Noa, o dell’imprevedibile realtà
Si può classificare, etichettare, chiudere in scatolette la realtà? No. La realtà è imprevedibile. Non folle, perché la follia è la perdita di senso. Ma imprevedibile, perché chiede di trovare un senso (che c’è, sempre) in mezzo alla moltitudine di accadimenti e di destini che ci vengono posti innanzi. Come lo scorrere infinito dei post di un social network: sembra che non esista un filo conduttore e invece, per chi sa leggervi dentro, il filo c’è, e porta dritto al cuore dell’uomo.

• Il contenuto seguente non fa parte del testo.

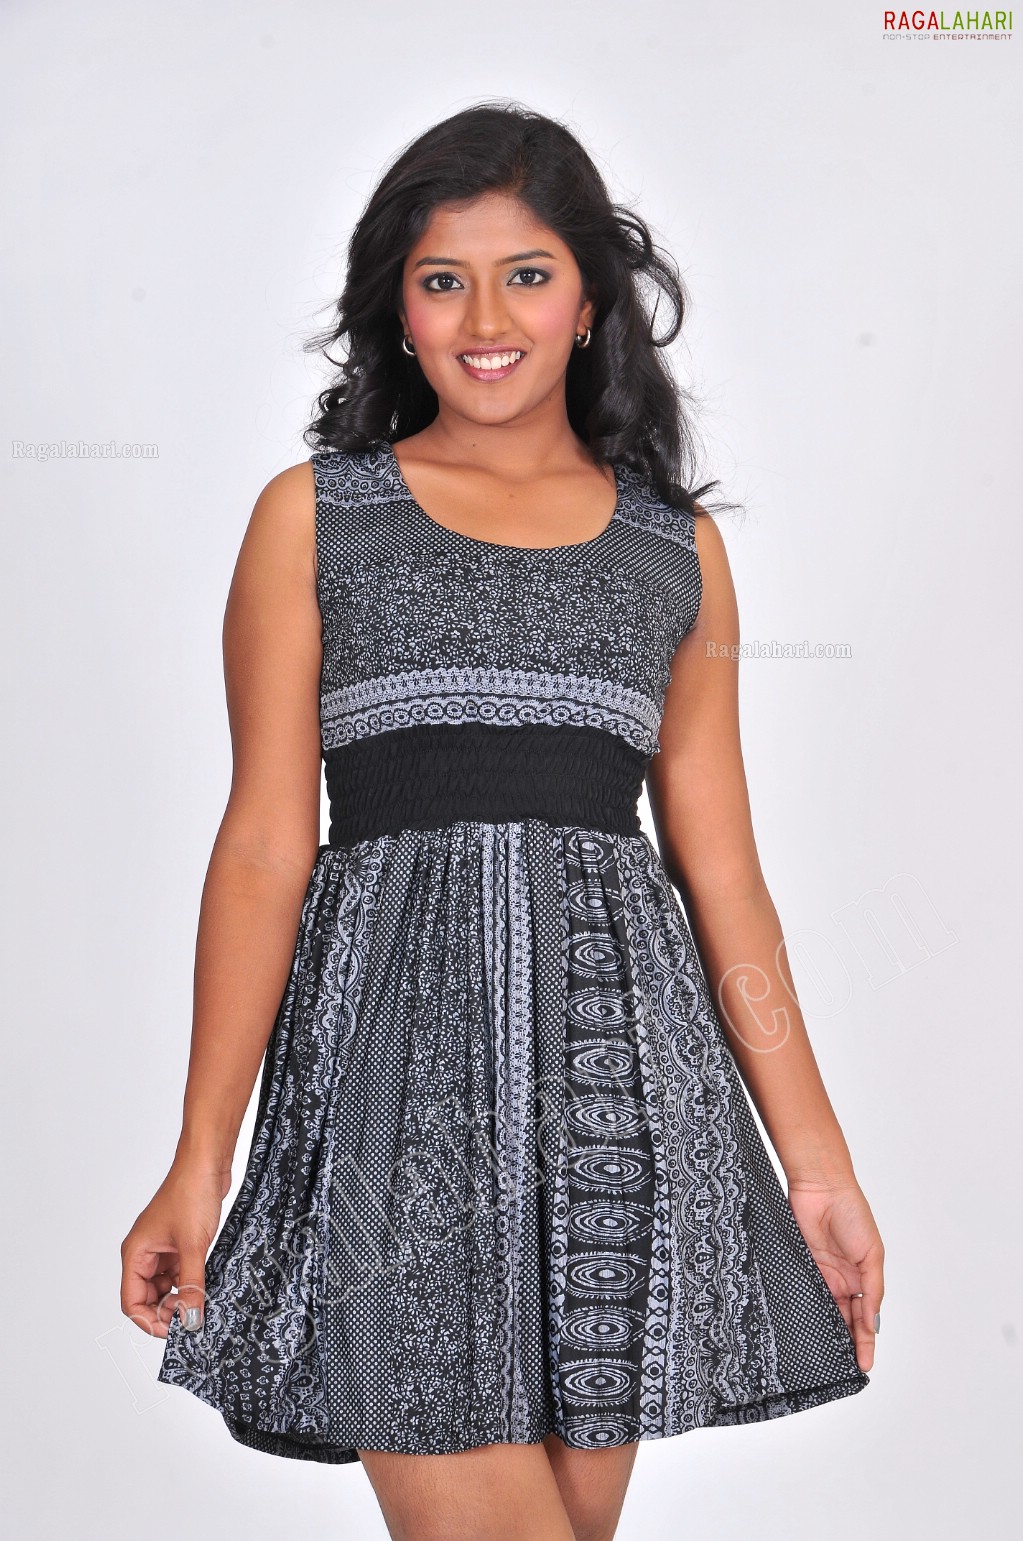 Eesha Rebba in Dark Gray Short Dress Exclusive Photo Shoot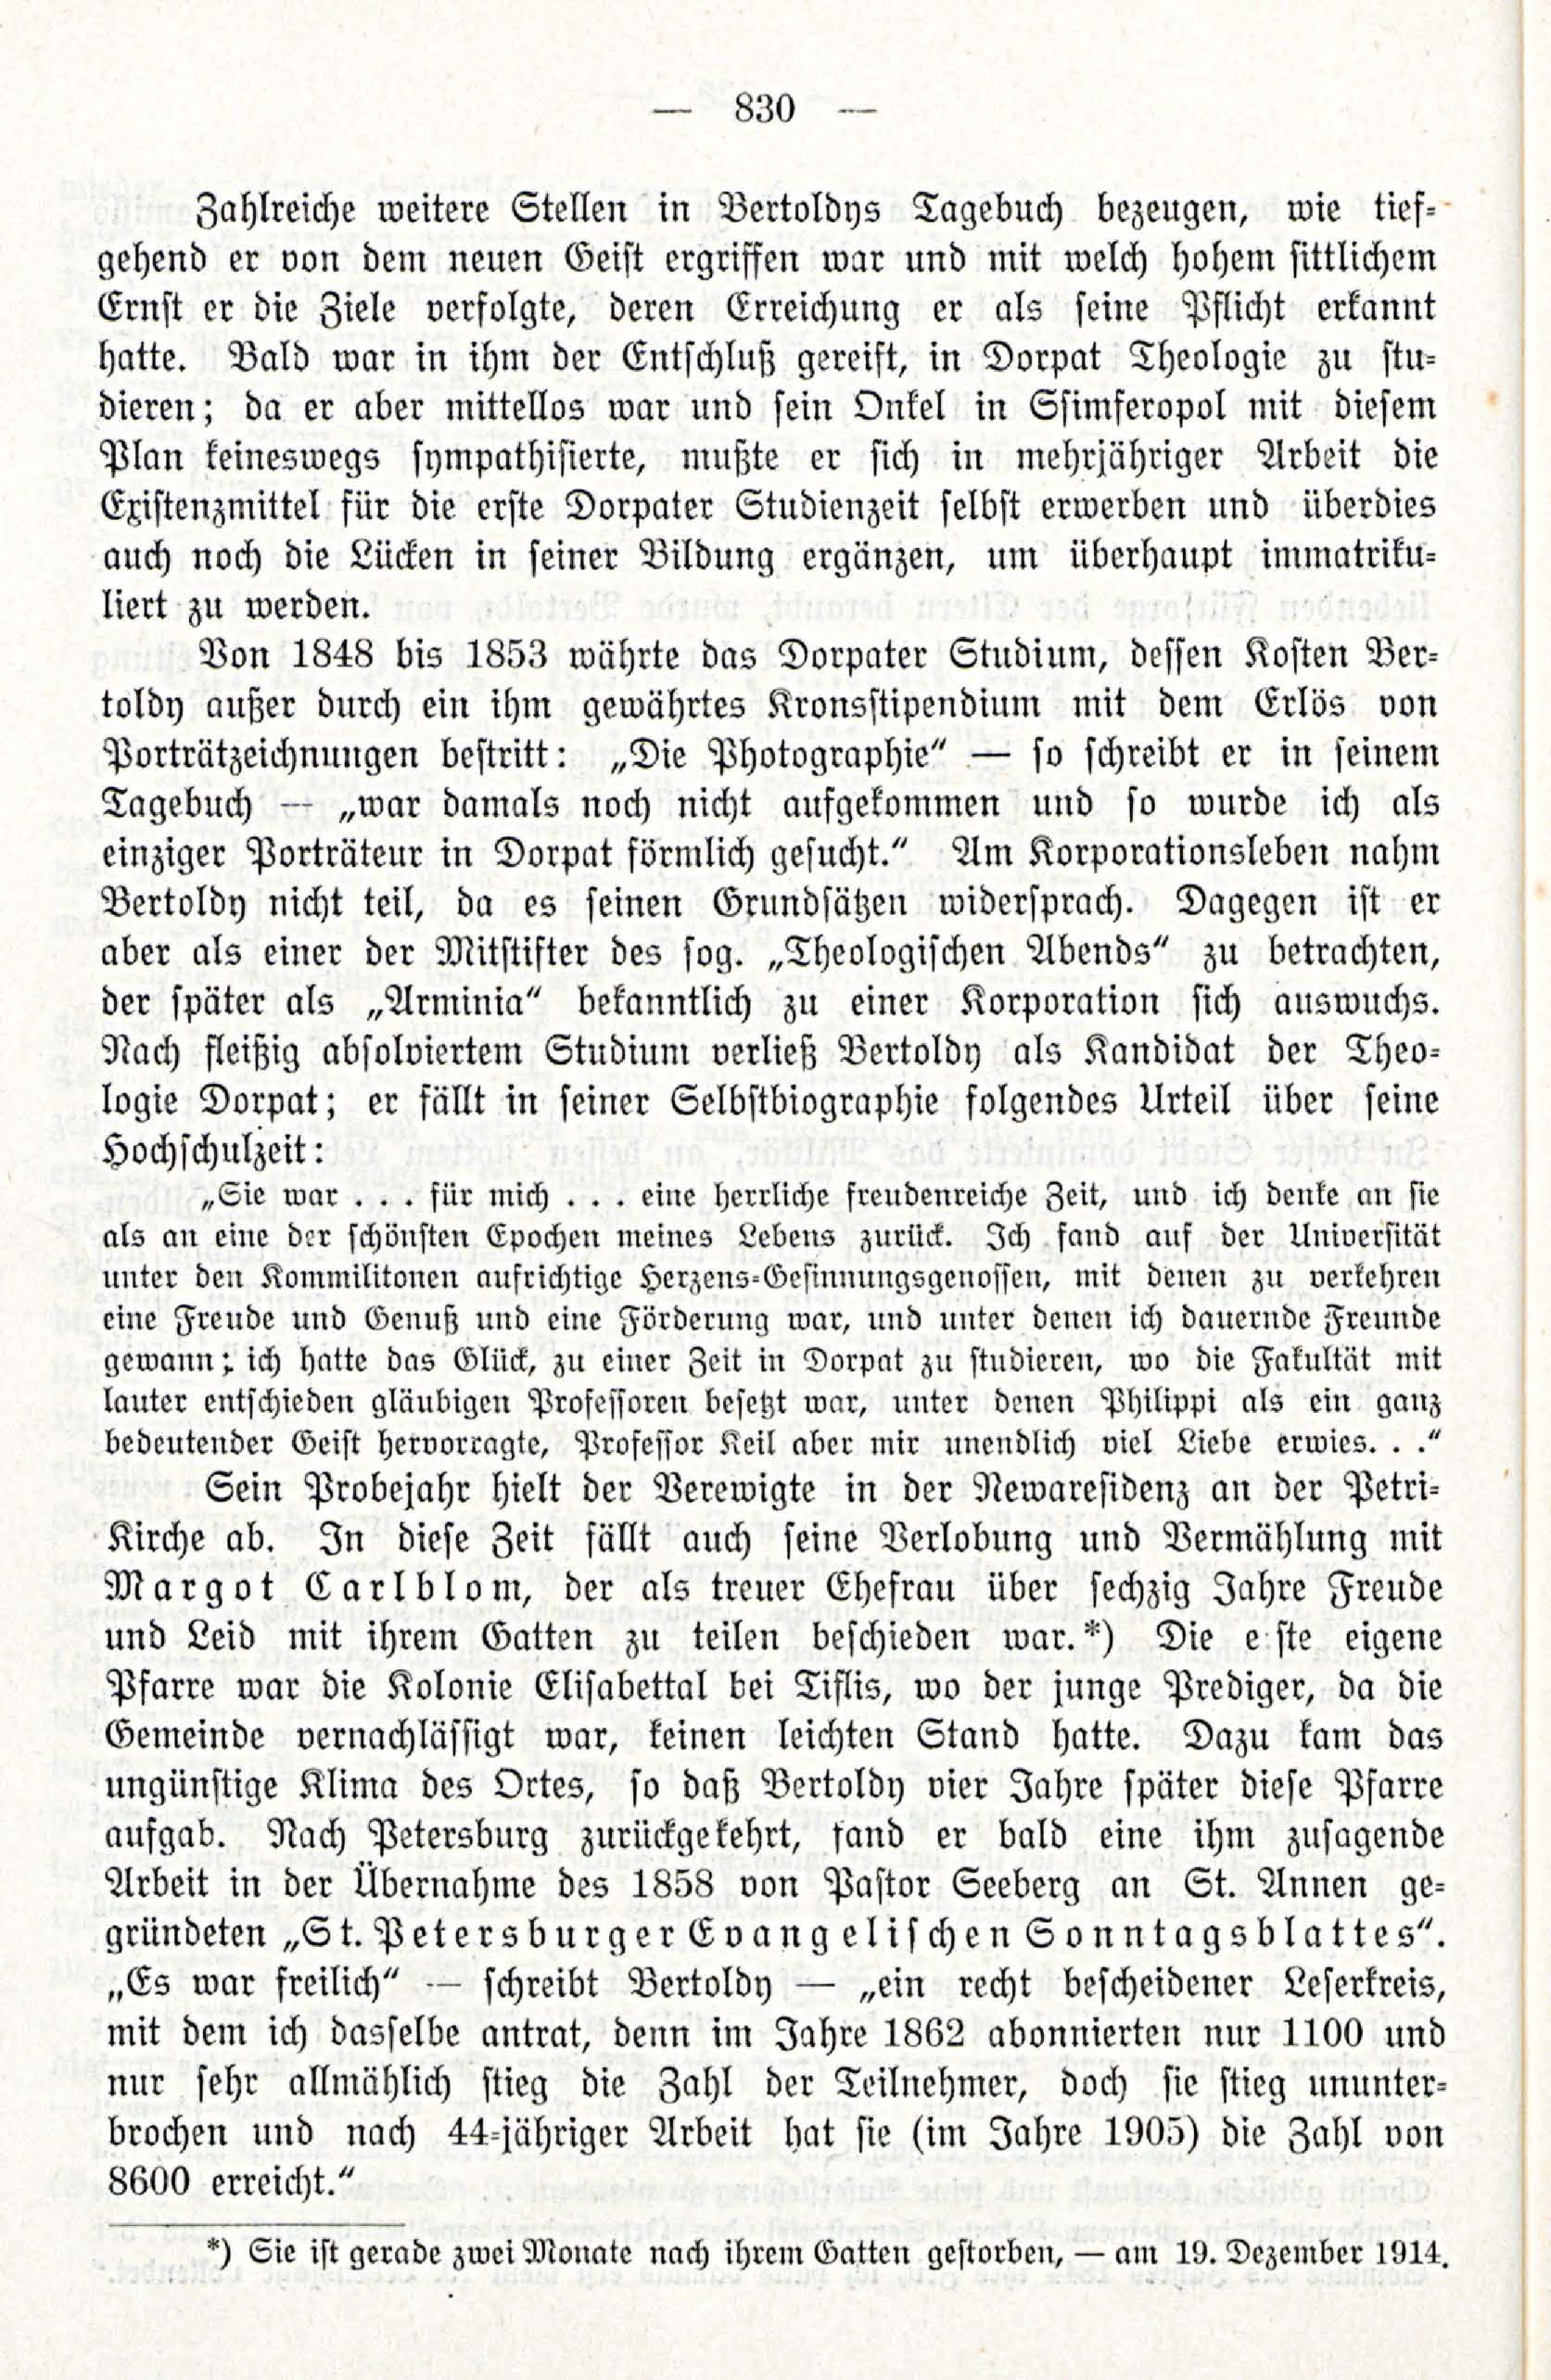 Deutsche Monatsschrift für Russland [3/12] (1914) | 46. (830) Main body of text

Come la realtà che così genialmente rappresenta, anche Stefano Andrini non è folle. E’ imprevedibile. E questo racconto sfugge ai soliti tentativi di classificazione. È una sorta di leopardiano Paralipomeni alla Batracomiomachia, che amalgama realismo e surrealismo, passato e contemporaneità, uomini e castori, disfatta e speranza. Dove le sorti dell’Emilia Romagna, ma in realtà del mondo intero, sono in mano a personaggi (casualmente?) femminili: da una presidentessa americana dal nome quanto mai tendenzioso di Himmary a Castoro De’ Boschi, che altrettanto tendenziosamente si scopre essere un animale, appunto, femmina; sino all’ispettore, ma in realtà ispettrice, Natiseau. Il salvatore del mondo, però, è un bambino che piange in lontananza.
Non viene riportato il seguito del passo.